Gov. Neil Abercrombie has not achieved the policy goal of aligning five of the state’s major boards and commissions with his "A New Day in Hawaii" agenda, but the governor said Wednesday he still believes he took the right approach in asking former Gov. Linda Lingle’s appointees to resign.
More than a month after Abercrombie asked for courtesy resignations from 28 Lingle appointees, only three — Matilda Yoshioka and Eric Beaver of the Public Housing Authority and Lawrence Tseu of the Stadium Authority — have agreed to resign. A fourth appointee — Clarissa Hosino of the Public Housing Authority — had resigned before receiving the governor’s request.
Abercrombie said Wednesday that he declined to accept Yoshioka’s resignation after discussing it with her, so his request has produced only two actual resignations.
Several appointees have informed the governor’s staff that they will not resign until their terms expire, and the governor’s advisers plan to telephone about a dozen appointees who have not formally responded so the administration can close the book on the exercise.
Abercrombie said Wednesday that perhaps he should have been more clear that a courtesy resignation might not be accepted if the appointee is compatible with the governor’s vision.
But the governor maintains that a new chief executive should have more authority to appoint members to key boards and commissions.
"Continuity isn’t much good if the continuity is the same policies that haven’t worked or have failed in the past," he said. "So we’ll just have to see how that works."
ABERCROMBIE SENT written requests in June for courtesy resignations to Lingle appointees to the Public Utilities Commission, the Land Use Commission, the Board of Land and Natural Resources, the Public Housing Authority and the Stadium Authority.
"I would do it myself if I was there," he said. "I’d offer that as a courtesy.
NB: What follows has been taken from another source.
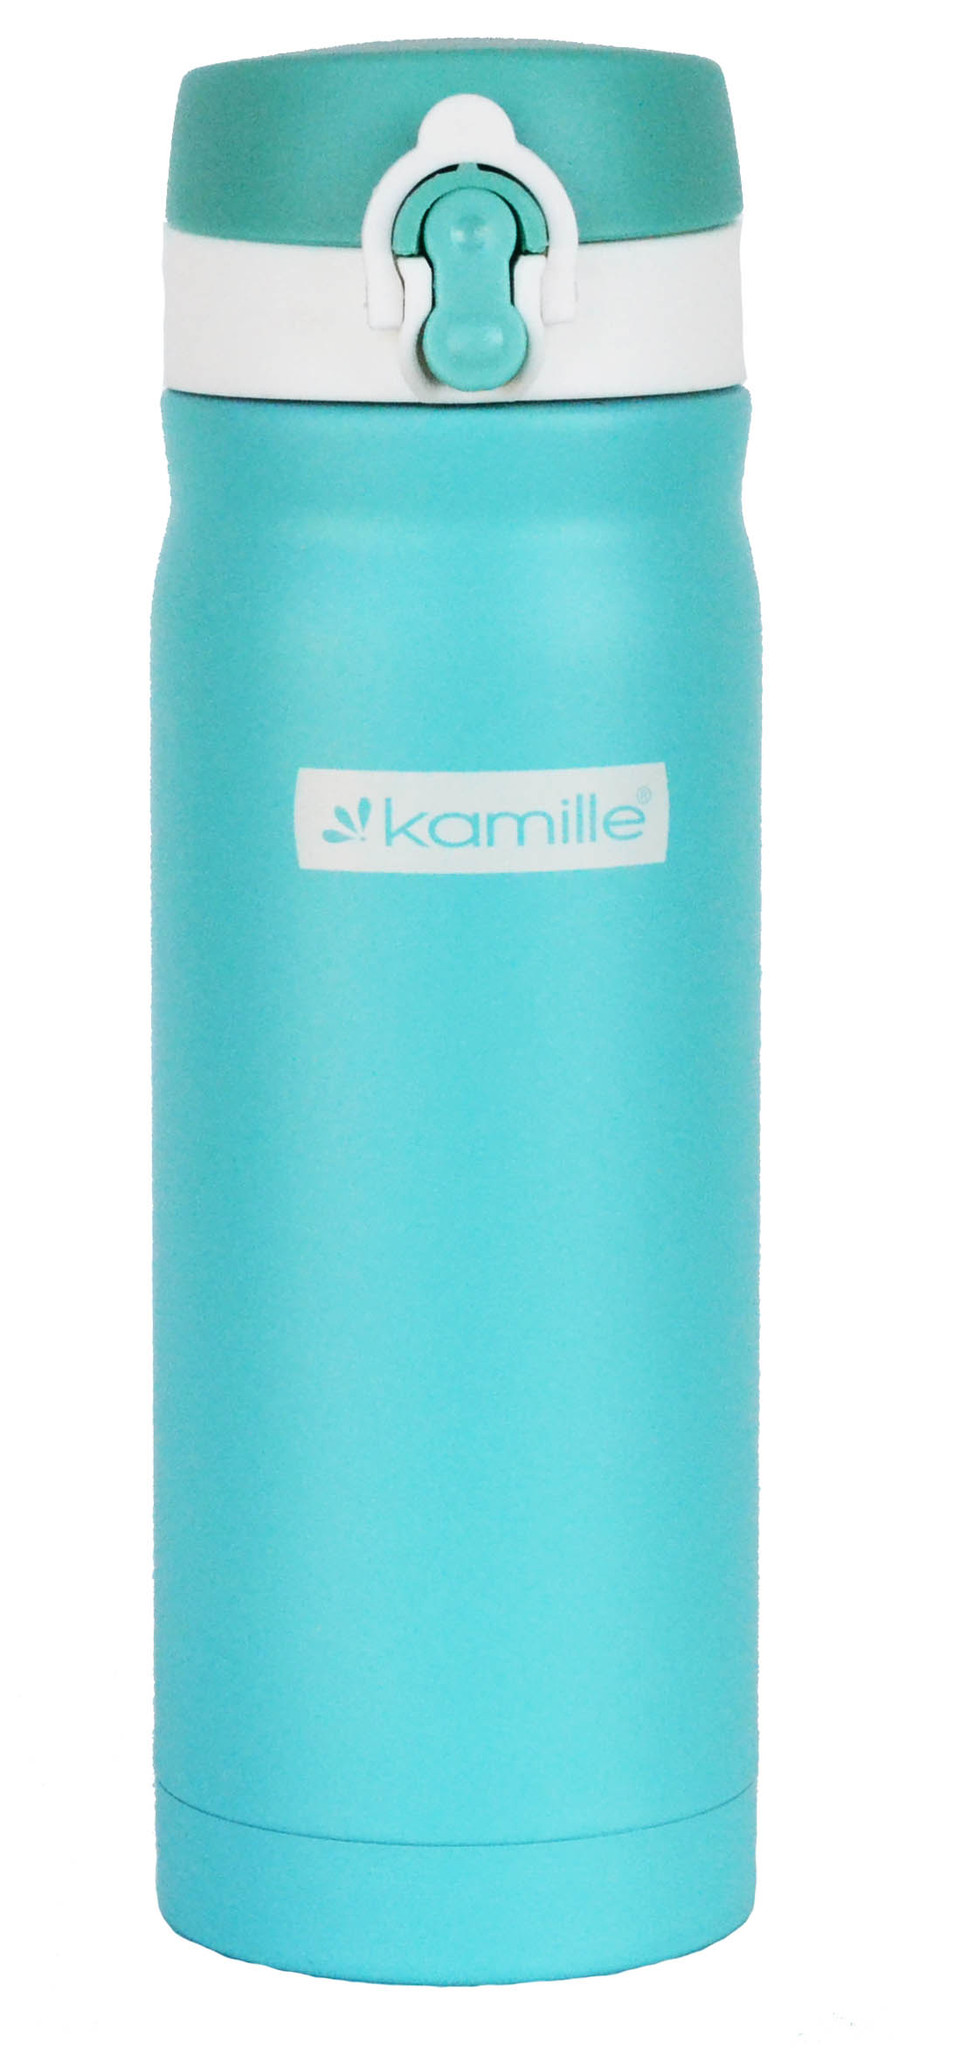 Термос-кружка Kamille 450 мл. голубой

Because, otherwise, you end up taking the responsibility in the executive for what’s going on, but you may not necessarily be on the same page."
Several former executive branch officials from Republican and Democratic administrations have questioned the wisdom of asking for mass resignations because of the potential to lose continuity and experience on the boards and commissions at one time.
Other observers, however, have been more critical of the way Abercrombie’s request was carried out. Appointees contacted the news media after receiving letters from the governor, and the first news accounts focused on appointees to the Stadium Authority before the governor’s office confirmed that appointees to the other boards had received requests as well.
"It kind of hit them blindsided," said Jim Shon, a former state lawmaker and education policy analyst.
Shon said the reaction may have been different had the governor’s staff contacted the appointees first. The governor’s staff, he said, also could have first developed a narrative for why aligning the boards and commissions with the "New Day" agenda makes sense from a policy standpoint.
Shon believes the resignation requests might have been received differently a year into Abercrombie’s term, after more of his policy agenda is fleshed out, rather than six months.
"I kind of looked at it as a little weak on preparation," he said.
Abercrombie said he was trying to move on the "New Day" plan voters endorsed with his election last year.
"People will interpret things the way they will," the governor said. "My main thing is — main point is — is that when you go in another direction in an election, (voters) clearly ask you to go in another direction, that continuity is precisely what you don’t want in the sense of a clash of an old way of doing things and a new way of doing things."